- Description of the task
Starting at the line that holds "Travel Surabaya Purwokerto", reproduce each line exactly up to and including the last line of the records below. Pictures stay out.

START Source information

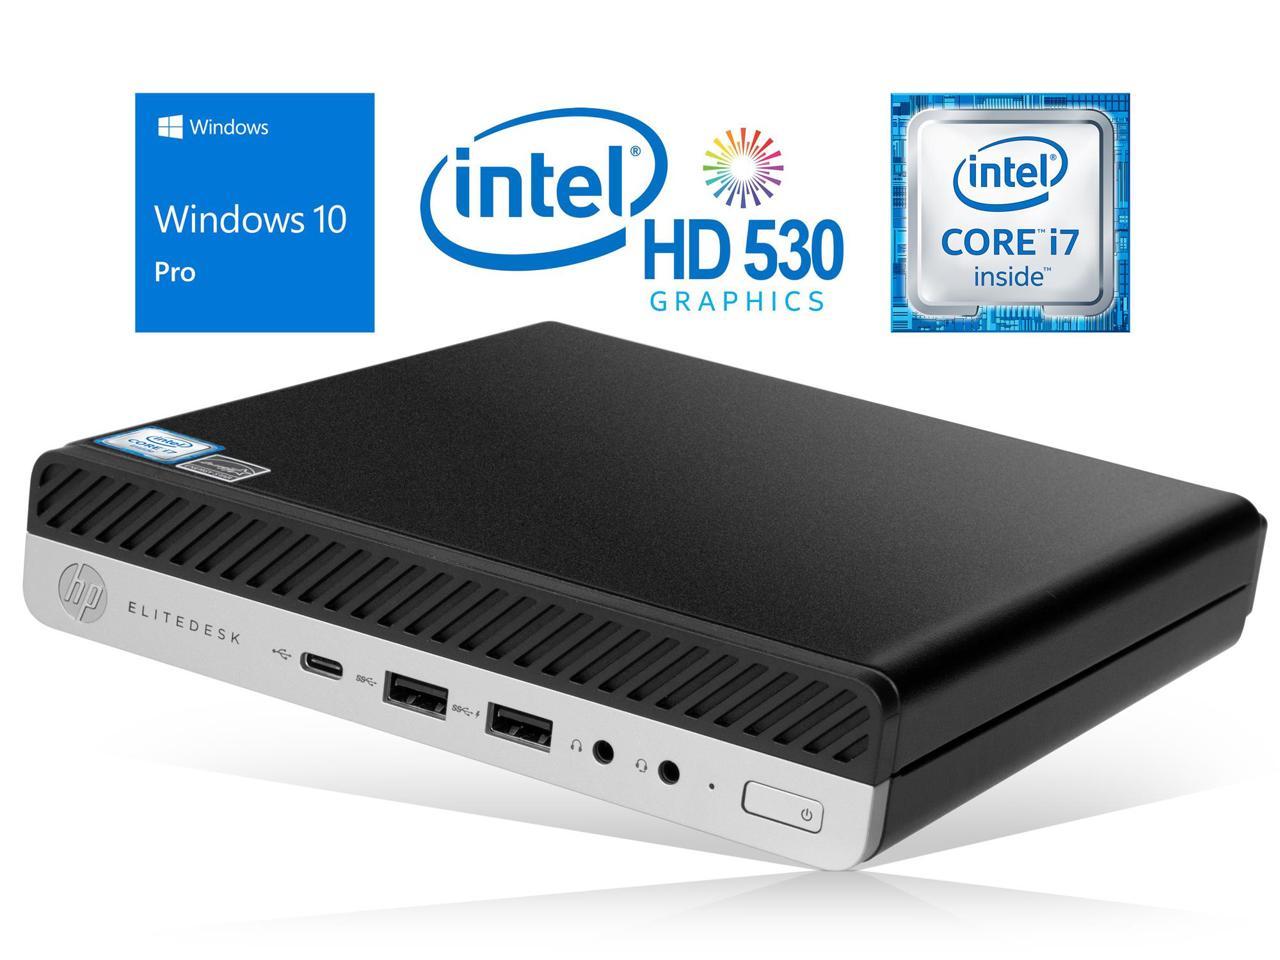 HP EliteDesk 800 G3 Mini PC, Intel Core i7-6700 Upto 4.0GHz, 32GB RAM, 512GB SSD, DisplayPort, Wi-Fi, Bluetooth, Windows 10 Pro
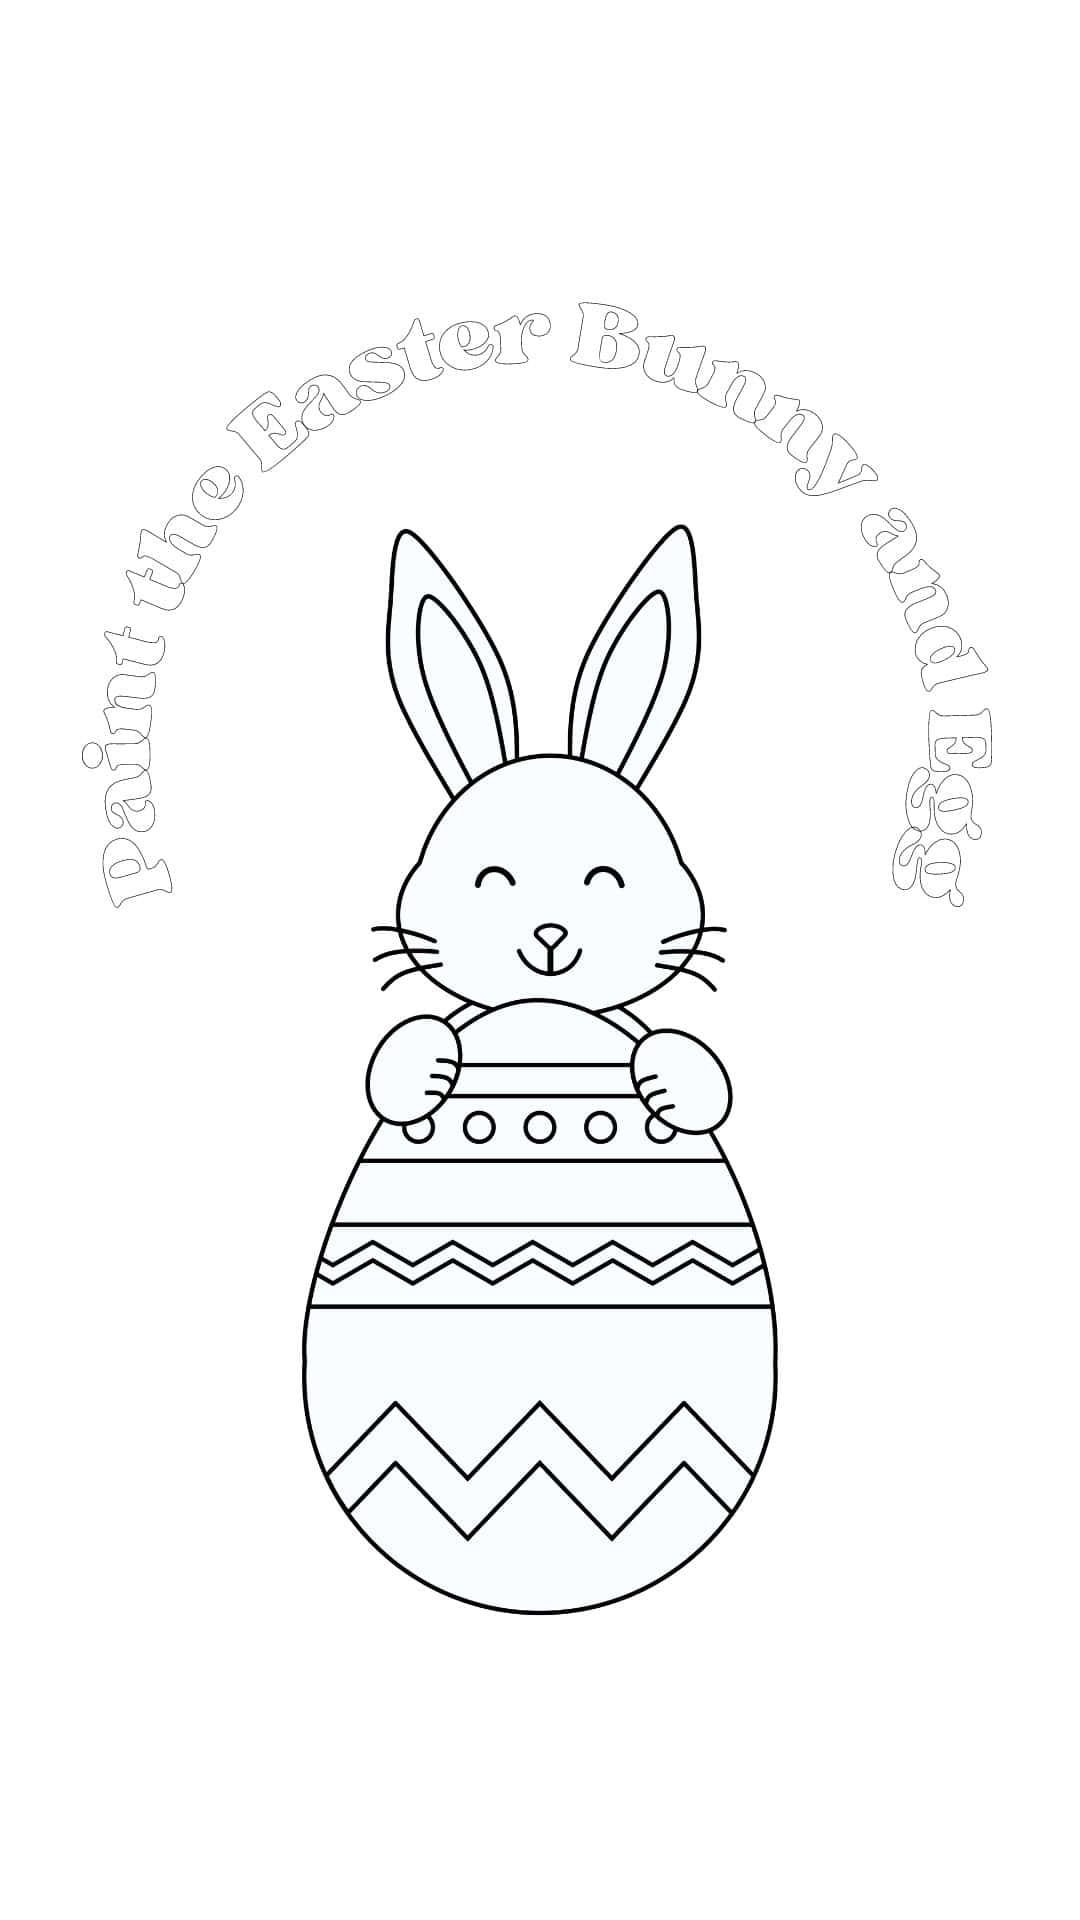 Dibujoesquemático De Un Conejito Dentro De Un Huevo De Pascua Como Fondo De Pantalla De Computadora O Móvil.
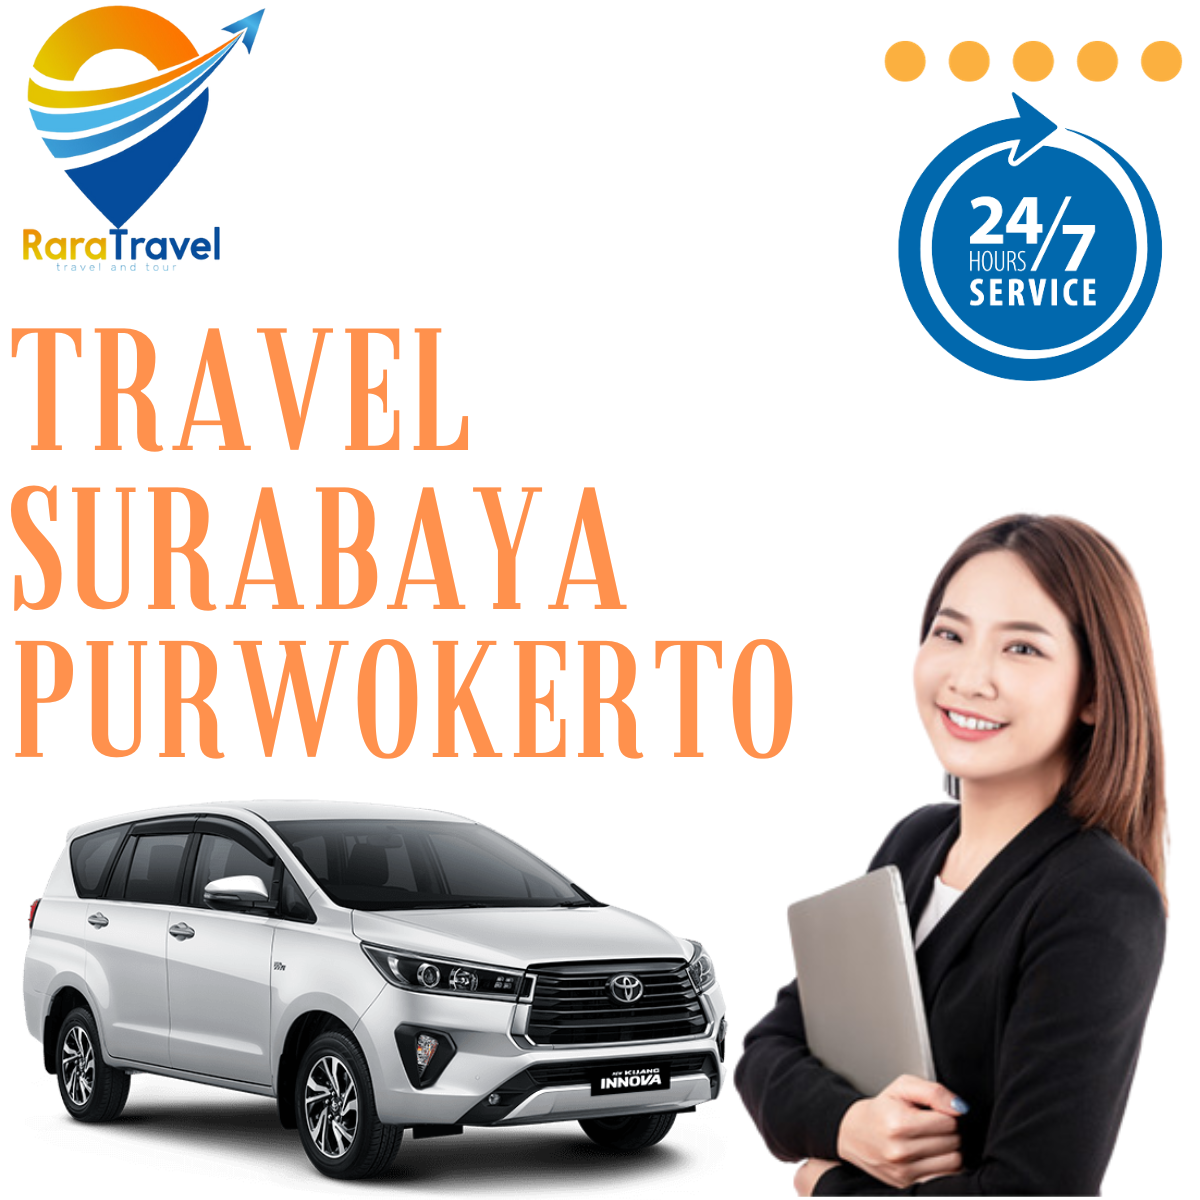 Travel Surabaya Purwokerto PP Hiace Via Toll Murah Mulai Rp 200K, Jadwal, Fasilitas dan Layanan 24 Jam
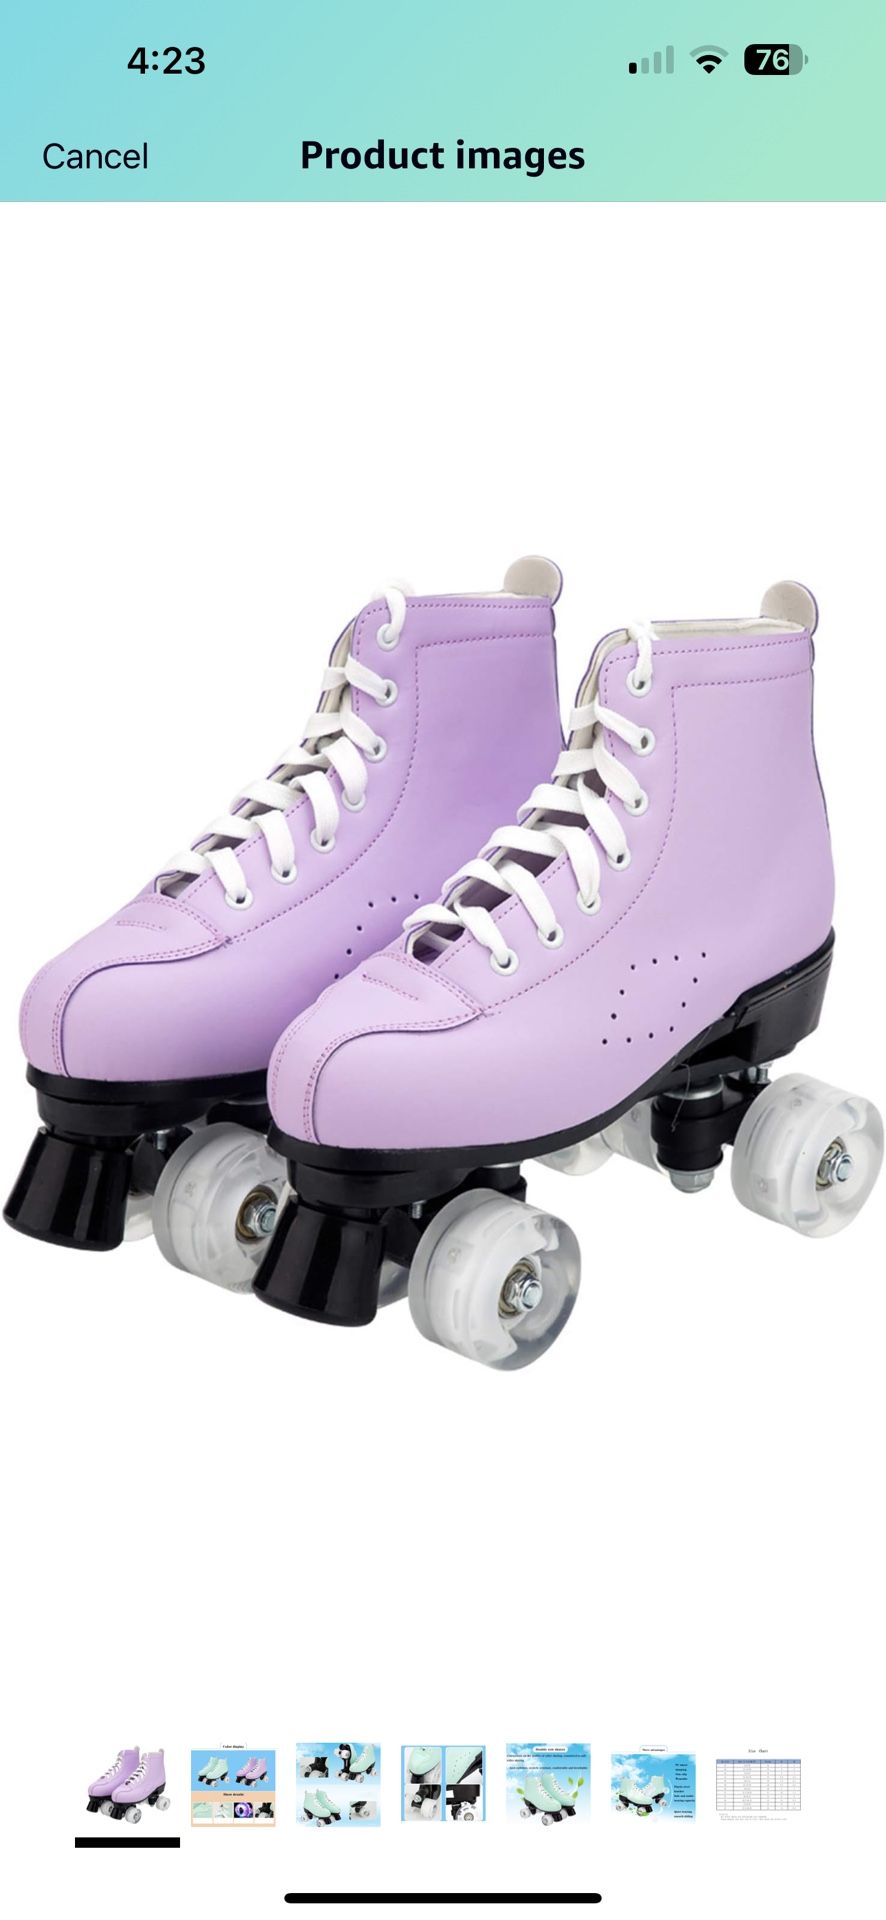 Brand New Roller Skates
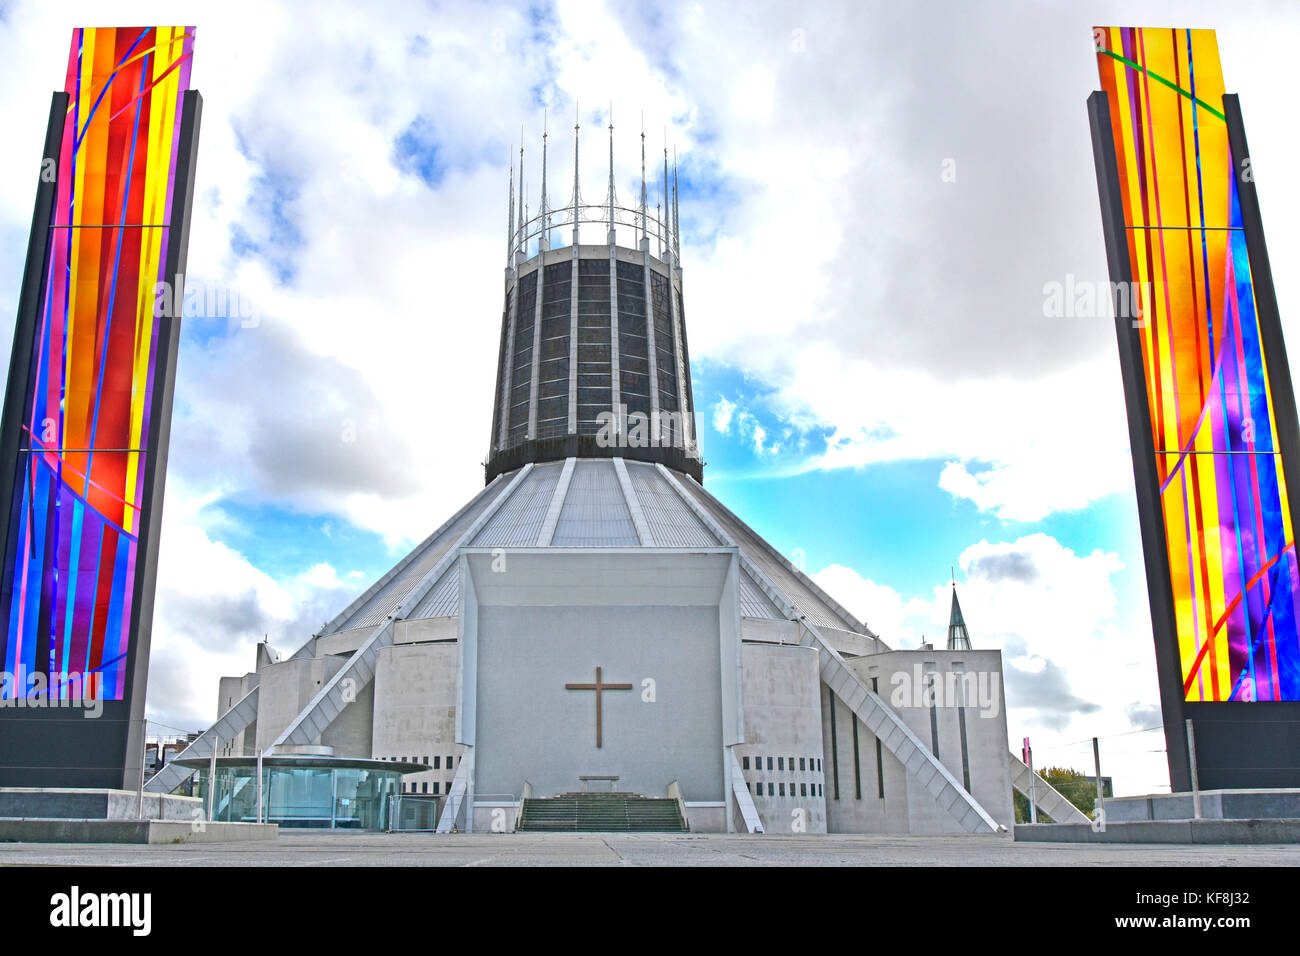 Moderne Architektur & Design der Catholic Liverpool Metropolitan Cathedral kirche außen von Buntglasscheiben Merseyside England UK flankiert Stockfoto

END Source information

- Solution
 Travel Surabaya Purwokerto PP Hiace Via Toll Murah Mulai Rp 200K, Jadwal, Fasilitas dan Layanan 24 Jam
 Brand New Roller Skates
 Moderne Architektur & Design der Catholic Liverpool Metropolitan Cathedral kirche außen von Buntglasscheiben Merseyside England UK flankiert Stockfoto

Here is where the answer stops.